Evolving a proposal into a standard

The hard task of developing Moving Worlds to be an acceptable basis for VRML2.0 was then begun. Continuing the approach taken in the formation of the proposal, this process was carried out in full view, and with significant participation from, the VRML community. However, in contrast to the time before the vote where there were six proposals to divide peoples attention, now, with only one proposal left, the entire community focused on it. This was an immense effort and coordinated by three SGI members, Rikk Carey, Gavin Bell and Chris Marrin. They performed an excellent job of balancing the differing requirements and goals of the VRML community and reaching a fair consensus on contentious issues.

In parallel with this specification effort, we at Sony began the task of building a VRML2.0 browser that would conform to the rapidly evolving specification. During the period from Apr96 to Aug’96 we publicly released five new versions of the browser, each one tracking the evolving standard and culminating in a version, demonstrated at Siggraph, that supported the final specification. Each one of these versions allowed us to perform checks on the paper specification to ensure that it was both possible to implement and useful.

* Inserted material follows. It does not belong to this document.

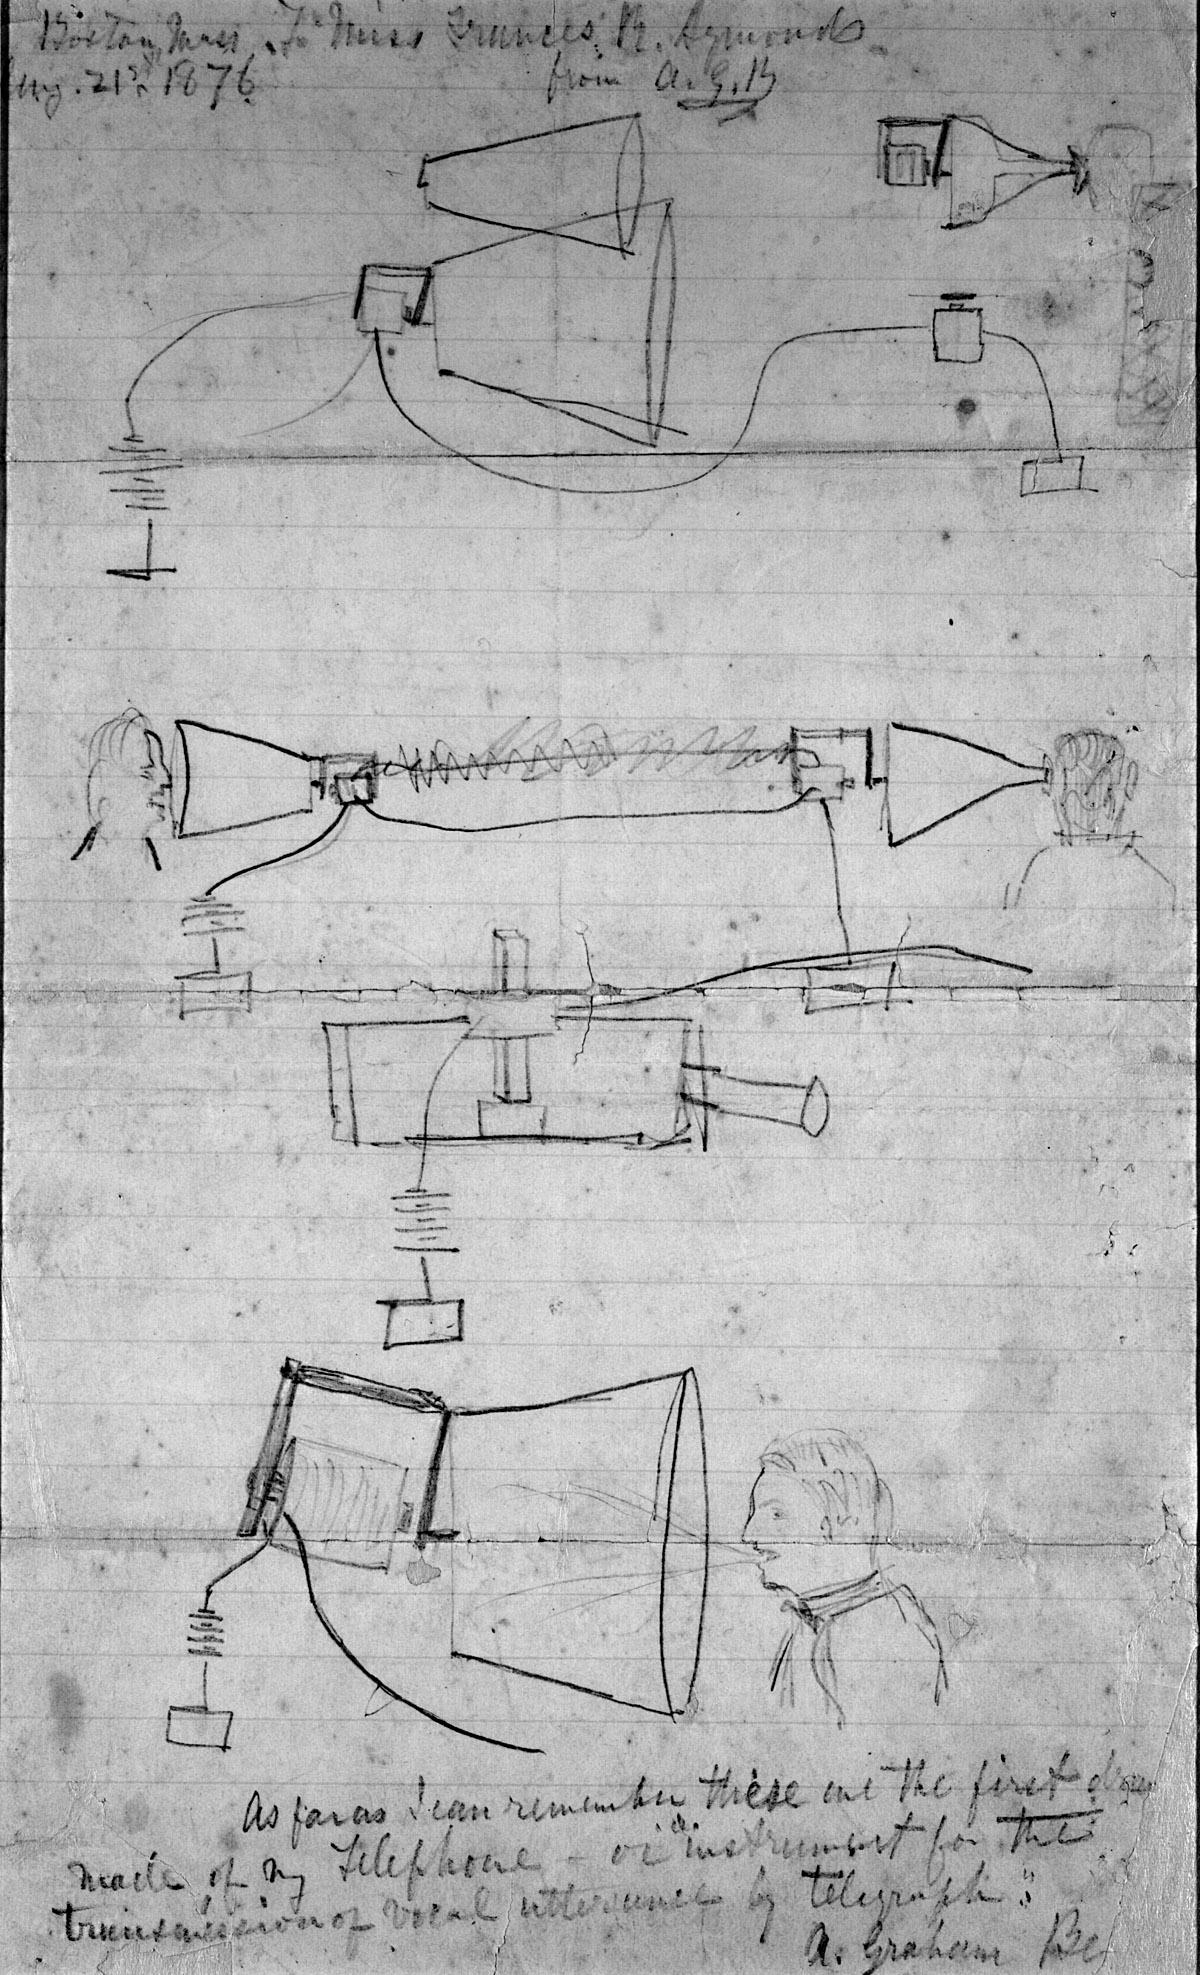 Drawn telephone alexander graham bell telephone #13

In parallel, a group a Sony Pictures Imageworks developed a set of multi-user shared VRML2.0 worlds that showed off the facilities of VRML2.0 including movies, animation and Java scripting.

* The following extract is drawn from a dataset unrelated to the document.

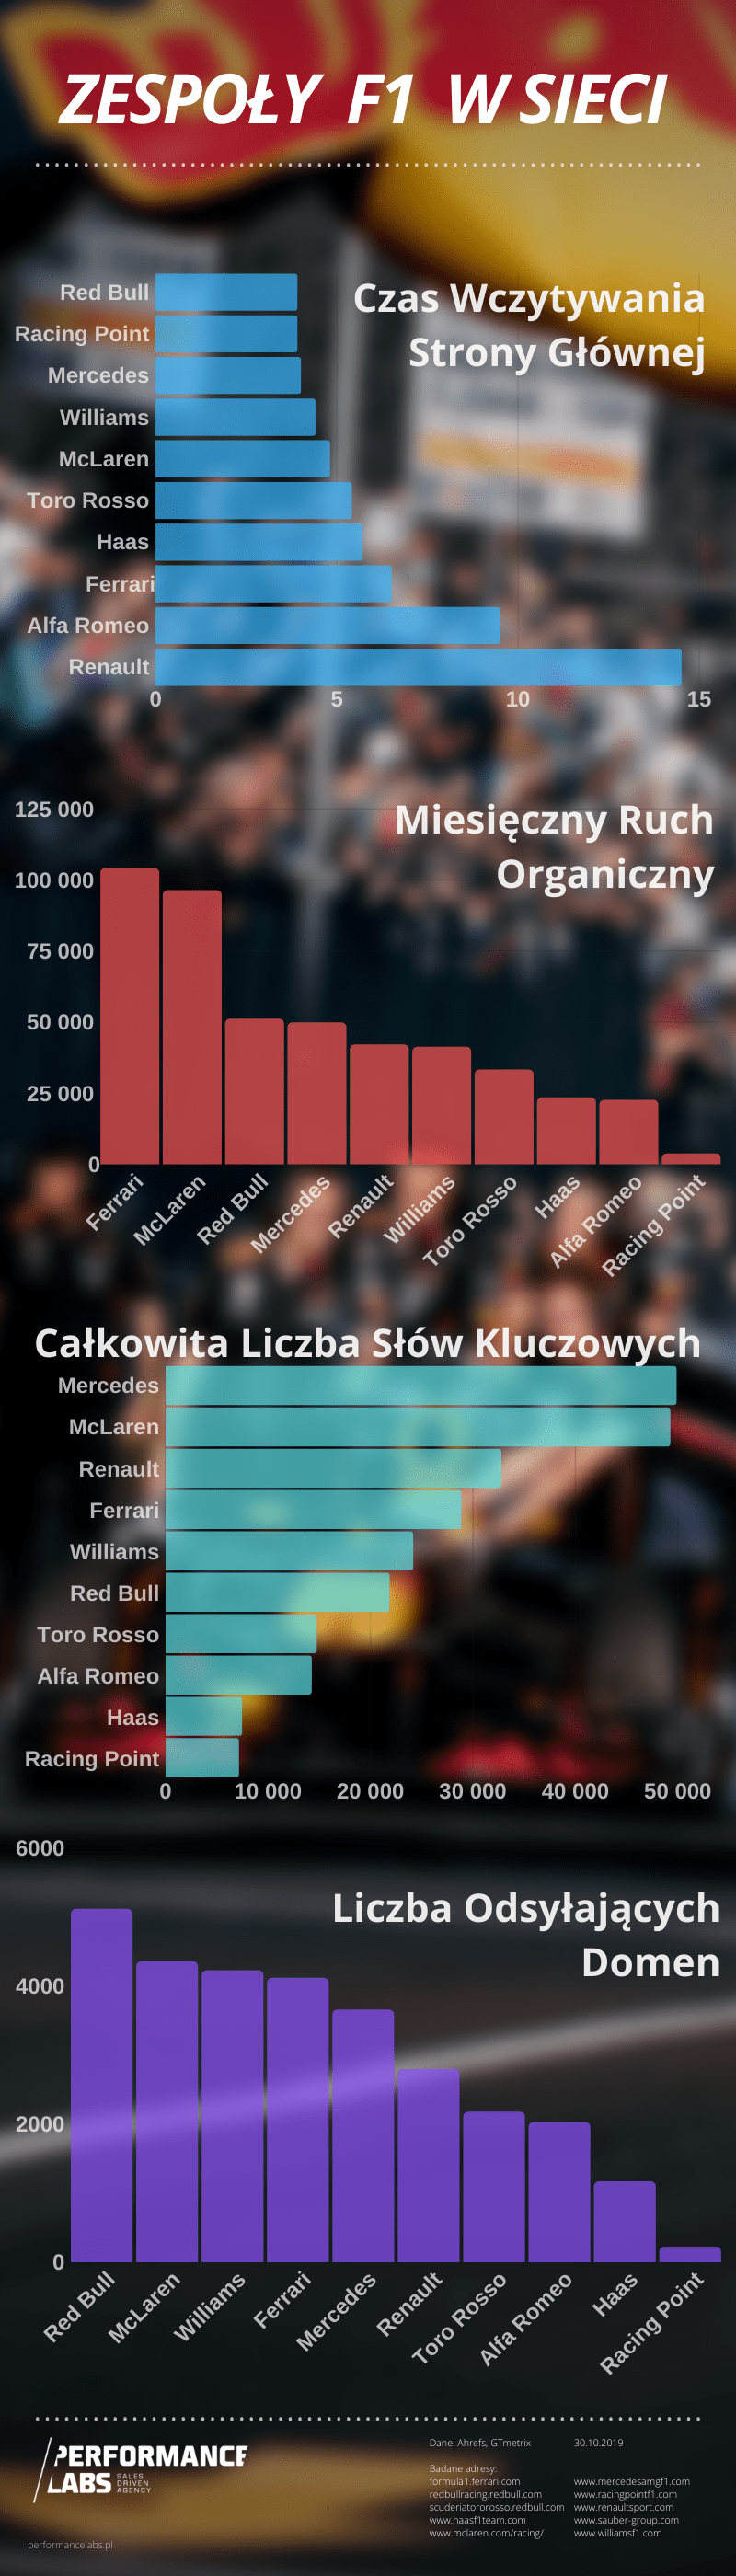 f1-infografika-performancelabs

At Siggraph, in early Aug.’96, the VRML2.0 specification was published and made available in its final form. The interest in VRML was now significantly higher than at previous events. There were a large number of companies, small and large, all showing VRML related technology. The majority of this was obviously VRML1.0 related but Sony and SGI displayed VRML2.0 versions of their technology, proving the possibility of building the VRML2.0 specification, and taking the first step towards the dream of CyberSpace.

VRML2.0 current status

VRML is evolving, even while you are reading this. The goal of VRML2.0 was to provide an open, extensible system that supported 3D interactive scenes on the WWW. But our sights, and that of others in the community, still rested on the support for shared multi-user spaces. VRML2.0 is sufficiently open and extensible to allow anybody to begin experimentation into the issues of building multi-user spaces. At the time of writing, Sony, along with a handful of other companies and individuals are experimenting to understand best how to do this. The result of that experimentation will result in new proposals in the area of multi-user standards.

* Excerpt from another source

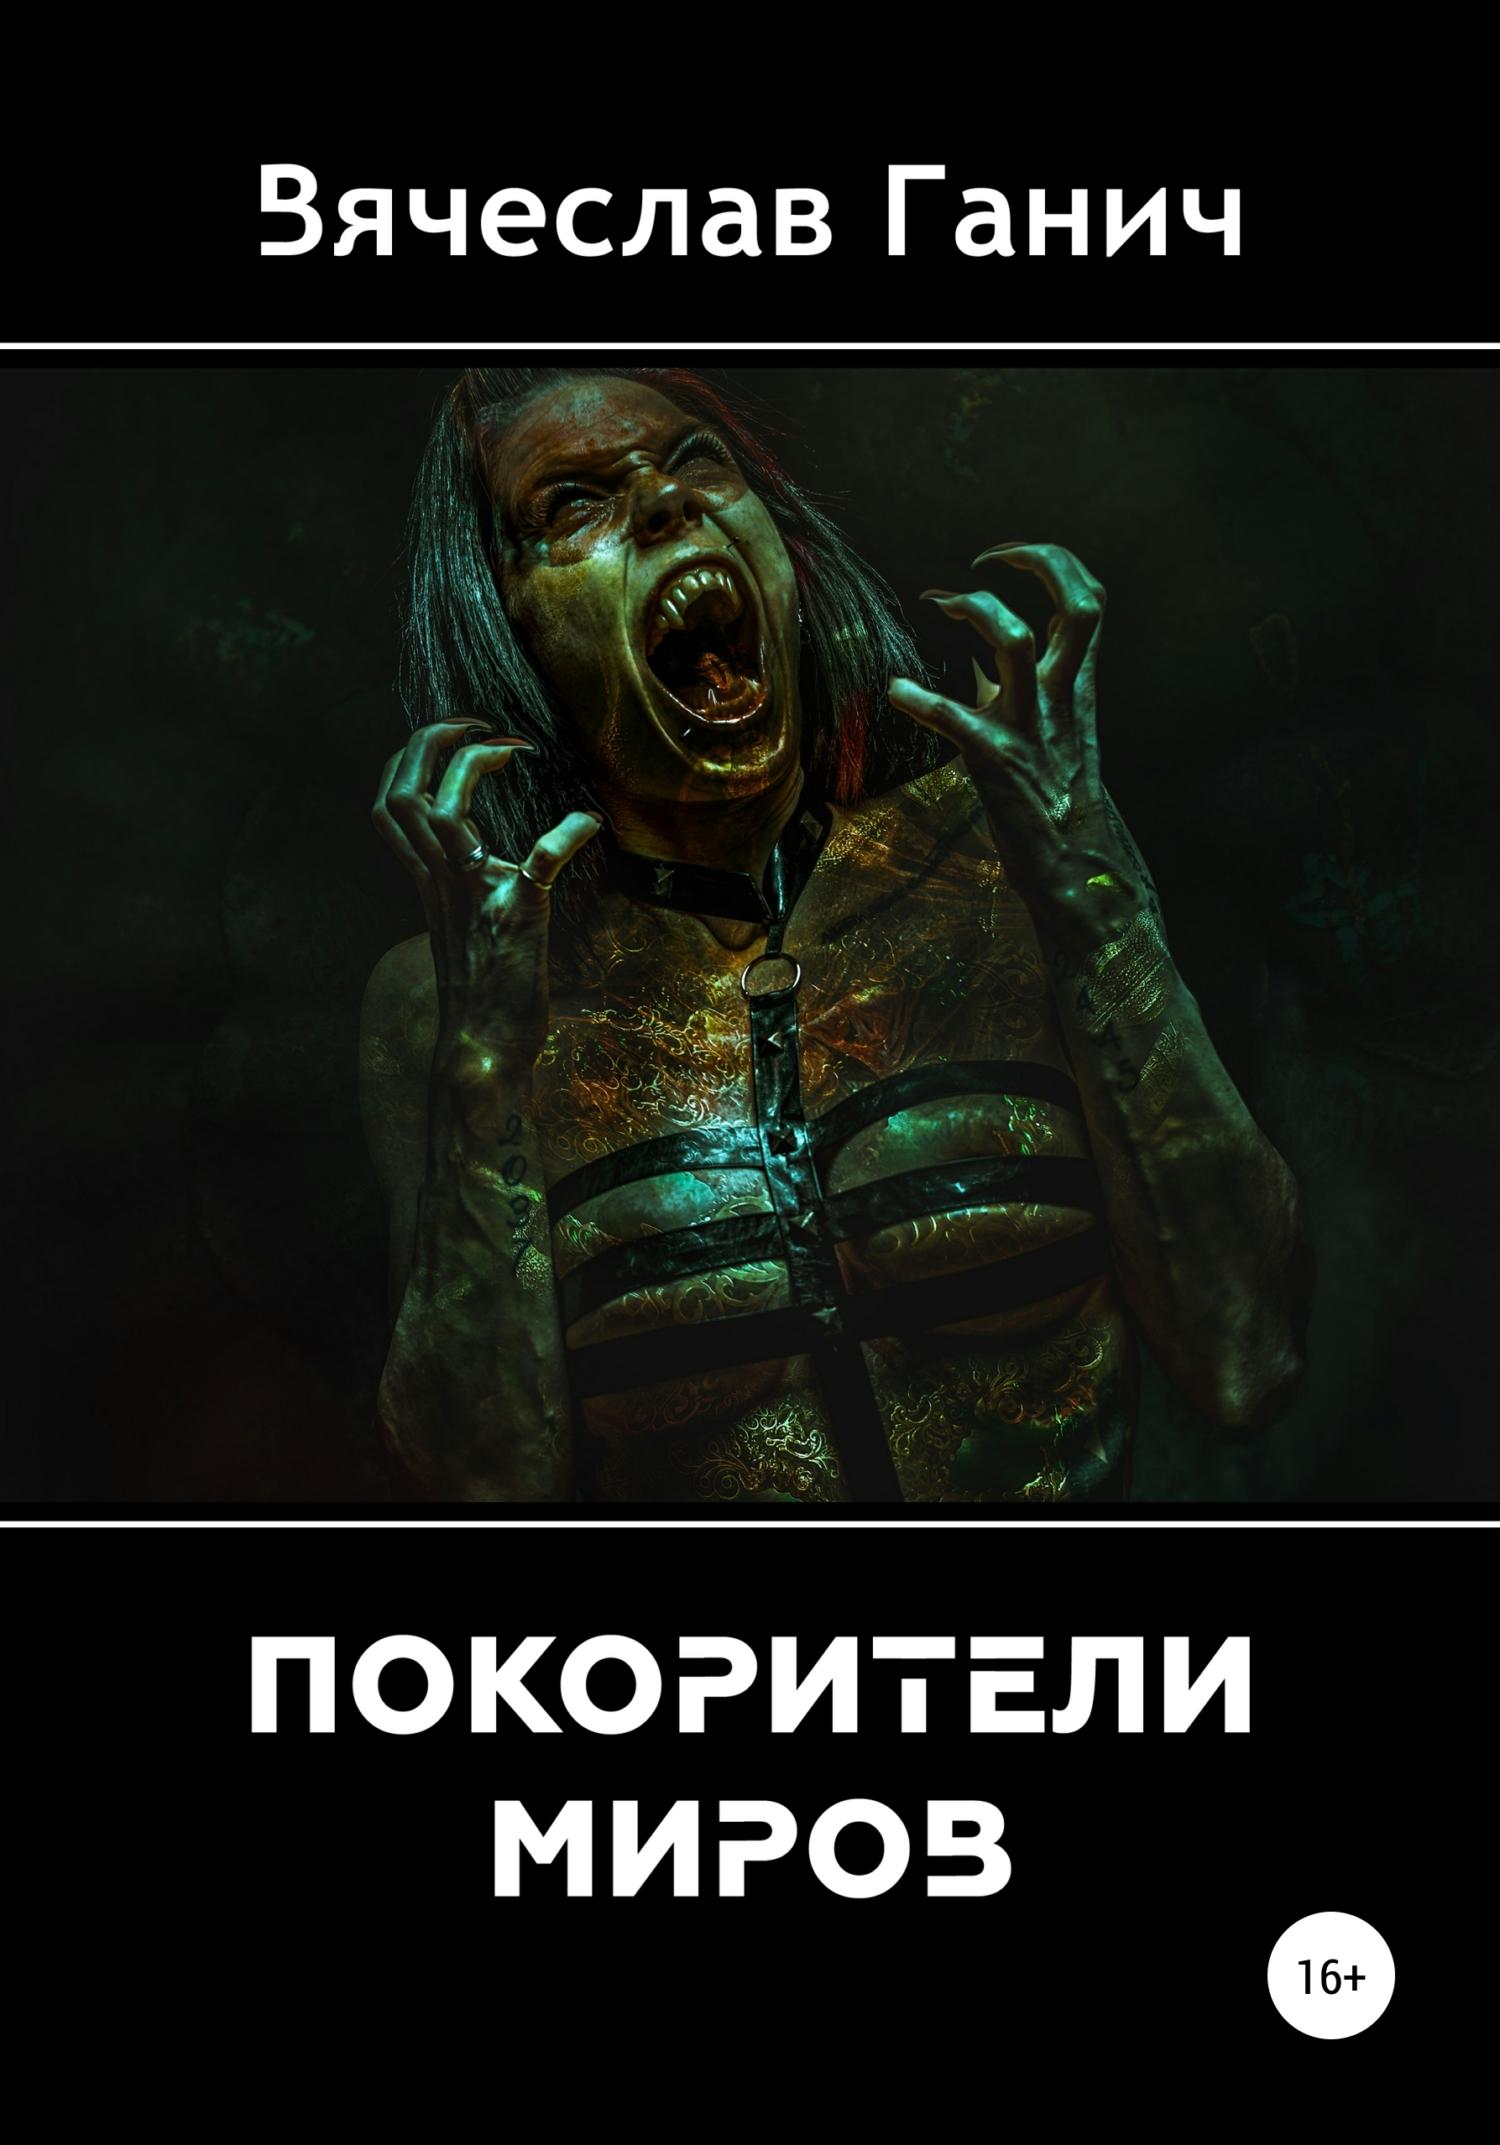 Вячеслав Ганич - Покорители миров

As part of our own experimentation, you will find that the VRML2.0 browser that comes with this book, Community Place, is a full multi-user system. It will allow you not only to experiment with VRML2.0, but also shared multi-user scenes. Since the goal of this book is to show you how to use Java to build standard VRML2.0 scenes, we have restricted most of our discussion to standard VRML2.0. However, at the end of the book, we will return to the issue of multi-user worlds and show you both how to build a simple multi-user server of your own, and how to use some of the multi-user features of Community Place.

Round up

This chapter has tried to give an overview of the development of VRML2.0 as seen from our perspective. That perspective is obviously biased, and concentrates on events and motivations that we think are important. It is clear that VRML is many things to many people and will be used in a wide variety of ways in the coming years. For us, and for many others, a principle use of VRML will be as a building block for CyberSpace. Building CyberSpace is a technical challenge, and will not come eaisly. Our goal in the rest of this book is to equip you with enough information to be able to meld the strenths of Java and the flexibility of VRML so that you can begin building interesting, interactive 3D content. In this way, you can become part of the CyberSpace dream.